Commentaire • 0
Sur la décision
| Référence : | TJ Bordeaux, ctx protection soc., 27 mars 2026, n° 24/00972 |
|---|---|
| Numéro(s) : | 24/00972 |
| Importance : | Inédit |
| Dispositif : | Fait droit à une partie des demandes du ou des demandeurs sans accorder de délais d'exécution au défendeur |
| Date de dernière mise à jour : | 24 avril 2026 |
| Lire la décision sur le site de la juridiction |
Texte intégral
N° RG 24/00972 – N° Portalis DBX6-W-B7I-Y7LG
88D
N° RG 24/00972 – N° Portalis DBX6-W-B7I-Y7LG
_______________________
27 mars 2026
_______________________
AFFAIRE :
[P] [L], [M] [W]
C/
CAF DES PYRENEES-ATLANTIQUES
_______________________
CCC délivrées
à
Mme [P] [L]
M. [M] [W]
CAF DES PYRENEES-ATLANTIQUES
_______________________
Copie exécutoire délivrée
à
Me Eva LAFORGUE
TRIBUNAL JUDICIAIRE
PÔLE SOCIAL
180 RUE LECOCQ
CS 51029
33077 BORDEAUX CEDEX
Jugement du 27 mars 2026
COMPOSITION DU TRIBUNAL :
lors des débats et du délibéré,
Madame Dorothée BIRRAUX, Juge,
le président statuant seul, avec l’accord des parties présentes, en application de l’article L.218-1 du code de l’organisation judiciaire,
DÉBATS :
À l’audience publique du 15 décembre 2025, assistée de Madame Antéia PANNEQUIN LE GOLVAN, Greffière, et en présence de Madame [D] [R] et Madame [B] [K], Greffières stagiaires,
JUGEMENT :
Pris en application de l’article L.211-16 du Code de l’Organisation Judiciaire, Contradictoire, en premier ressort. Prononcé publiquement par mise à disposition au greffe, les parties en ayant été préalablement avisées dans les conditions prévues à l’article 450 alinéa 2 du Code de Procédure Civile, en présence de Madame Antéia PANNEQUIN LE GOLVAN, Greffier,
ENTRE :
DEMANDEURS :
Madame [P] [L]
née le 05 Octobre 1990 à BRUGES (GIRONDE)
3C Impasse de Bourriche
33460 SOUSSANS
représentée par Me Eva LAFORGUE, avocat au barreau de BAYONNE
Monsieur [M] [W]
né le 03 Mars 1988
3C Impasse de Bourriche
33460 SOUSSANS
représenté par Me Eva LAFORGUE, avocat au barreau de BAYONNE
ET
DÉFENDERESSE :
CAF DES PYRENEES-ATLANTIQUES
10 avenue Maréchal Foch
CS 70602
64106 BAYONNE CEDEX
représentée par Monsieur [I] [S], muni d’un pouvoir spécial
EXPOSÉ DU LITIGE
Par courrier en date du 20 mai 2020, Monsieur [M] [W] s’est vu notifier par la caisse d’allocations familiales (CAF) des Pyrénées Atlantiques un indu d’un montant total de 14 002,70 euros, correspondant à un trop perçu d’allocation aux adultes handicapés pour la période de janvier 2019 à avril 2020, en raison d’une erreur de la caisse d’allocations familiales dans l’enregistrement du RIB de Monsieur [M] [W] comme destinataire de cette allocation.

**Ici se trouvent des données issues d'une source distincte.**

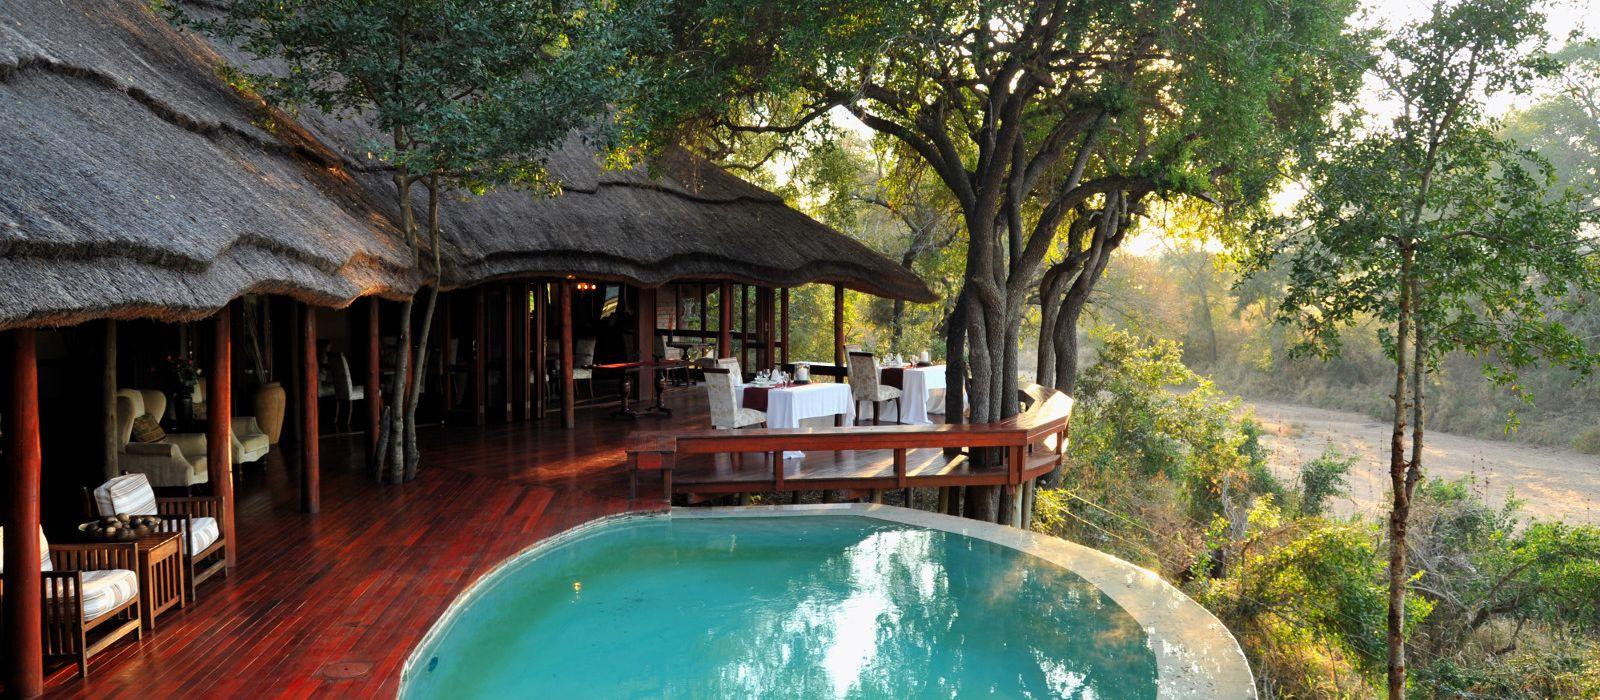 Hotel Imbali Safari Lodge South Africa

Un courrier de mise en demeure du 10 novembre 2021 a été envoyé par la caisse d’allocations familiales à Monsieur [M] [W] le 15 novembre 2021, dont l’accusé de réception est revenu avec la mention « pli avisé et non réclamé ».
Par courrier en date du 5 avril 2022, reçu le 13 avril 2022, la caisse d’allocations familiales a envoyé un courrier intitulé « explication de la créance ».
Par courrier du 20 juin 2022, Monsieur [M] [W] et Madame [P] [L] ont sollicité une remise de dette totale.
Par courrier du 12 septembre 2022, la caisse d’allocations familiales indique accorder une remise partielle de 6 523,15 euros, puis par courrier du 6 mars 2023, la caisse d’allocations familiales leur a accordé une nouvelle remise partielle à hauteur de 1 508,54 euros.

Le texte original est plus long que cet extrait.